(Beginning of Raw data)

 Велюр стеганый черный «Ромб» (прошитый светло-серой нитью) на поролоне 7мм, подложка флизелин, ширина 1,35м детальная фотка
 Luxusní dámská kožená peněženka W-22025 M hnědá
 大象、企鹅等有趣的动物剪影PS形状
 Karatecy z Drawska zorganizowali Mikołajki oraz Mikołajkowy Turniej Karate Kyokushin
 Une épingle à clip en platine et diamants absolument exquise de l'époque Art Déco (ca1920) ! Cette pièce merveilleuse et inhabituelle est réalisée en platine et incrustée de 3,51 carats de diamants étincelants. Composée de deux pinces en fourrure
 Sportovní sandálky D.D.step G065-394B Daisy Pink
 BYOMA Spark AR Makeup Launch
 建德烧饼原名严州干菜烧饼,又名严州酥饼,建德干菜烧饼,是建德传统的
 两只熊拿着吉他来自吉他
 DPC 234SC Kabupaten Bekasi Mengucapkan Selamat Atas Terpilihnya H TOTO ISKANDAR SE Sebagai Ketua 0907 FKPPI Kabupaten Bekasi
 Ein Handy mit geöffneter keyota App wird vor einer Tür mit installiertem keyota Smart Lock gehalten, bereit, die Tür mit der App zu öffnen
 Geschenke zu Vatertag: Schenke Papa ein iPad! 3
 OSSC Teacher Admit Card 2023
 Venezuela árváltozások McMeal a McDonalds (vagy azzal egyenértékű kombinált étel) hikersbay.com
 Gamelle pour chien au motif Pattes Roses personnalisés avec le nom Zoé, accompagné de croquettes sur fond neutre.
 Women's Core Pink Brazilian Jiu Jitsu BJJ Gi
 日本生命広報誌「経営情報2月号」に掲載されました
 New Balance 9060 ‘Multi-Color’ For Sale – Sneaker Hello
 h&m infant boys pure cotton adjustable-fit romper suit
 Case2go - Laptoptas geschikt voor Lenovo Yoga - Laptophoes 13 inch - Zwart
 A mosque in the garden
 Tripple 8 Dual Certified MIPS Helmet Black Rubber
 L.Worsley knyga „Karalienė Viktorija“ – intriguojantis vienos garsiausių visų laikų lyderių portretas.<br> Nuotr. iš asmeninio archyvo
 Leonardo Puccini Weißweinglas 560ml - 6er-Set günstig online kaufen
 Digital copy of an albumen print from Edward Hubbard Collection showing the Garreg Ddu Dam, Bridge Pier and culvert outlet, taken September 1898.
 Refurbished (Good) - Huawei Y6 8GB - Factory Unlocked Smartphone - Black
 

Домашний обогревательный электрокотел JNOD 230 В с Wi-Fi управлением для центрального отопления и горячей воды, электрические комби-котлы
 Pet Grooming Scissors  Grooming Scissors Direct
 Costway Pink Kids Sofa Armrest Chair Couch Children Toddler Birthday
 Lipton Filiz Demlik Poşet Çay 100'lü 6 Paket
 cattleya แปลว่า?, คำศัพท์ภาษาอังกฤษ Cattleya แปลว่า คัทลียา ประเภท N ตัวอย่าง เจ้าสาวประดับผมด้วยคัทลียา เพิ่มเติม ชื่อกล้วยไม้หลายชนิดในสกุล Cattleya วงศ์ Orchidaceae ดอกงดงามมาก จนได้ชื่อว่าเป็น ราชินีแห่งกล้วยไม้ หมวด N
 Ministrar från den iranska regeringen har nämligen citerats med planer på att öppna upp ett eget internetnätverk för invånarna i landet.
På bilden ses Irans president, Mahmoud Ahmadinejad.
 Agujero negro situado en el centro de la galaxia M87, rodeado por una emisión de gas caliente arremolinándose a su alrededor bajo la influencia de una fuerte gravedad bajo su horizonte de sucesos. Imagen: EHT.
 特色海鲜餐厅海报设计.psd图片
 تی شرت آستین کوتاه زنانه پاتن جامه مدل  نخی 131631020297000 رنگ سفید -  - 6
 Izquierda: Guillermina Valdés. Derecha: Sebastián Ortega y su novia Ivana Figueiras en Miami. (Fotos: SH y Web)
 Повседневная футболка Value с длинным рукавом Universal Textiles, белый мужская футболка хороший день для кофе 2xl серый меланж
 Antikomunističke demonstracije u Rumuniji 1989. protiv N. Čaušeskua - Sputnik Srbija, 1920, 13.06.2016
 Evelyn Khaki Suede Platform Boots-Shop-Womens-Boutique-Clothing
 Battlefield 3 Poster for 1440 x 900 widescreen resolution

(End of Raw data)

* [Task to carry out]:
Lines of the data that include the string "Black" are to be counted; report the total by itself.

* [Answer box]:
2